◆ **What you have to do**
For this exercise, output the line containing "Brown wooden heel" and every line after it through the end of the records, exactly, and no other line.

==== Recorded data

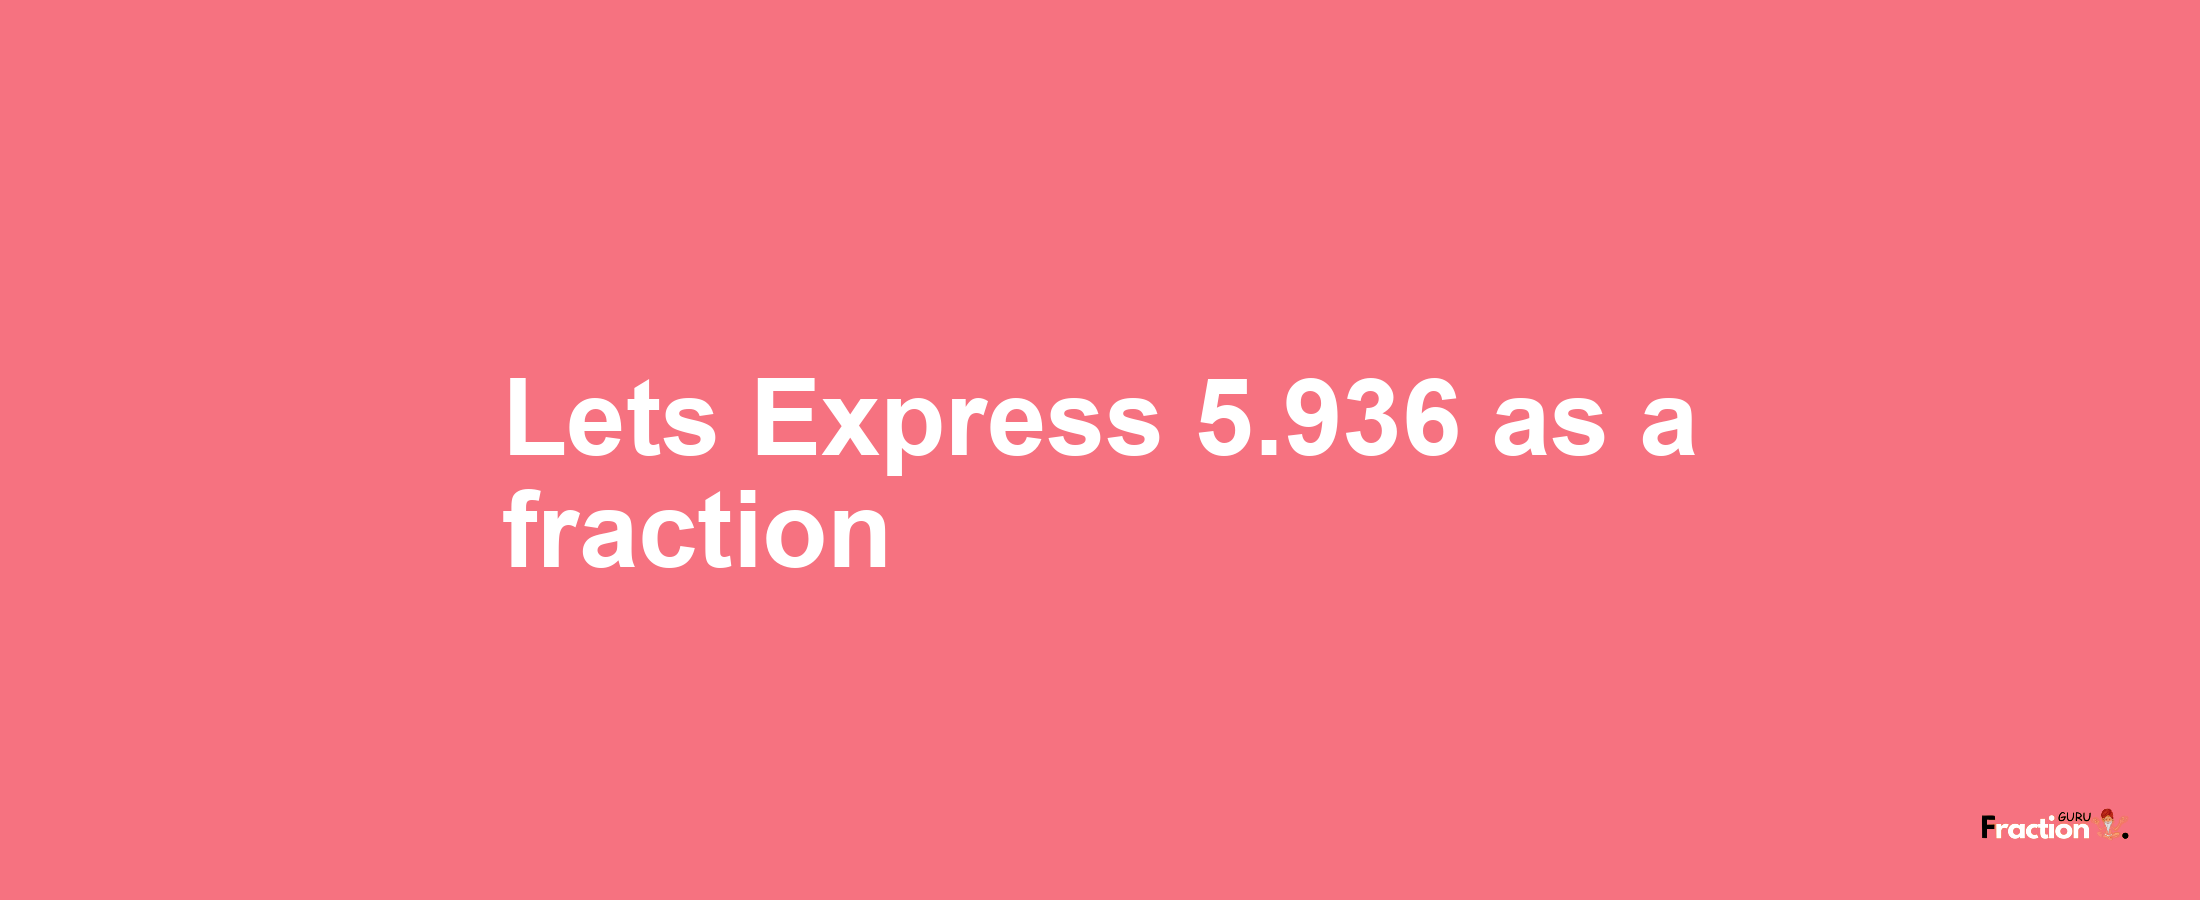 Lets Express 5.936 as afraction
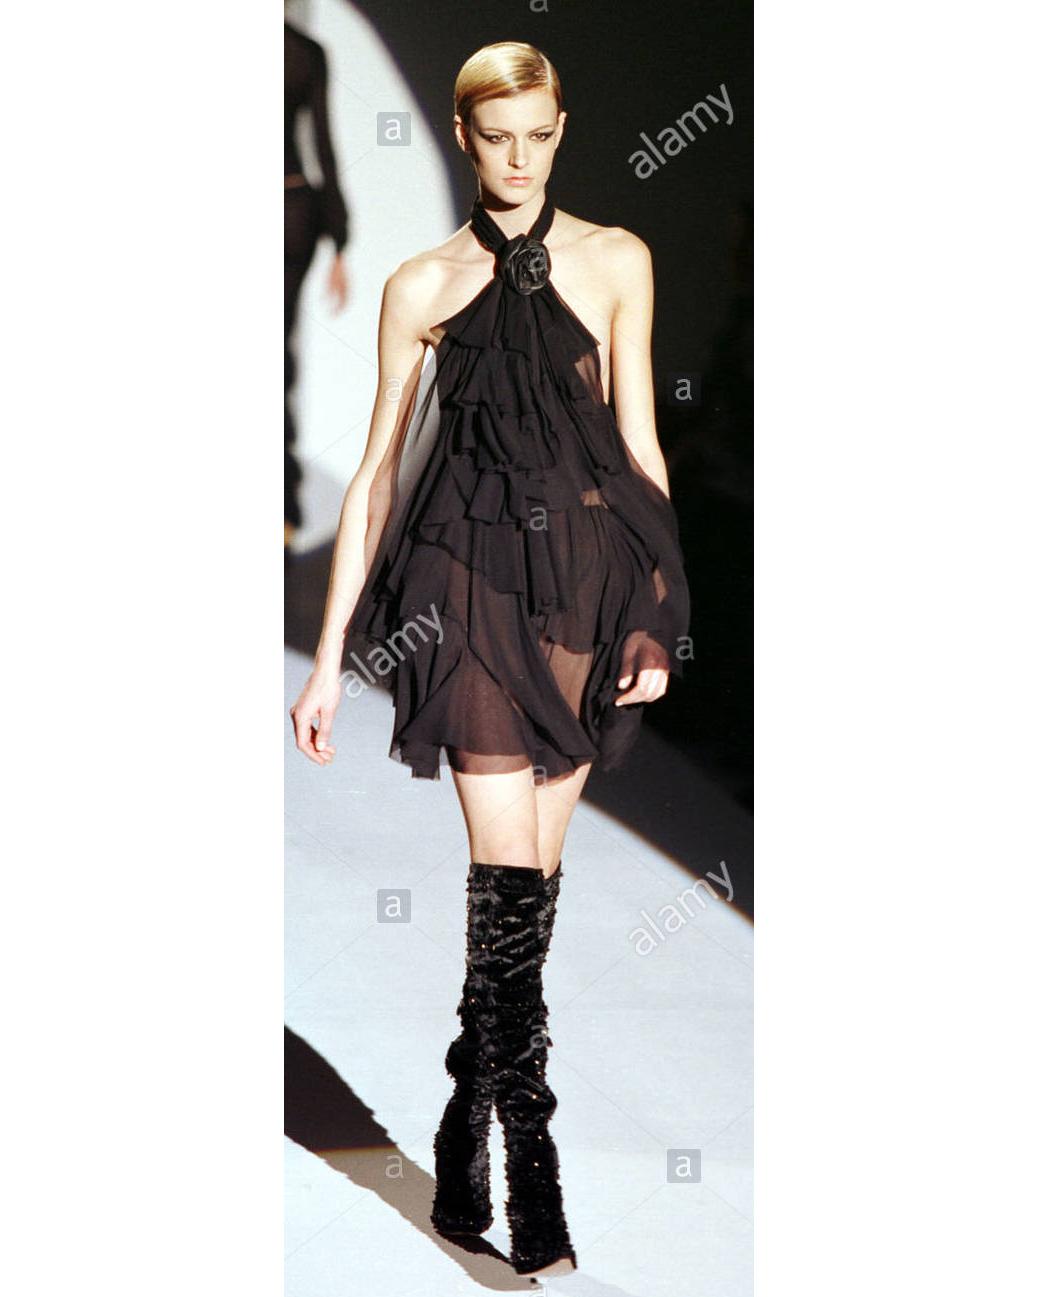 ▪ Gucci black embellished over knee boots
▪ Designed by Tom Ford
▪ Pointed toe 
▪ Brown wooden heel 
▪ Zipper with leather pull at inseam
▪ Hand-sewn black beads throughout 
▪ Size EU 38 C
▪ Fall-Winter 1999

========

◆ **Task result**
▪ Brown wooden heel 
▪ Zipper with leather pull at inseam
▪ Hand-sewn black beads throughout 
▪ Size EU 38 C
▪ Fall-Winter 1999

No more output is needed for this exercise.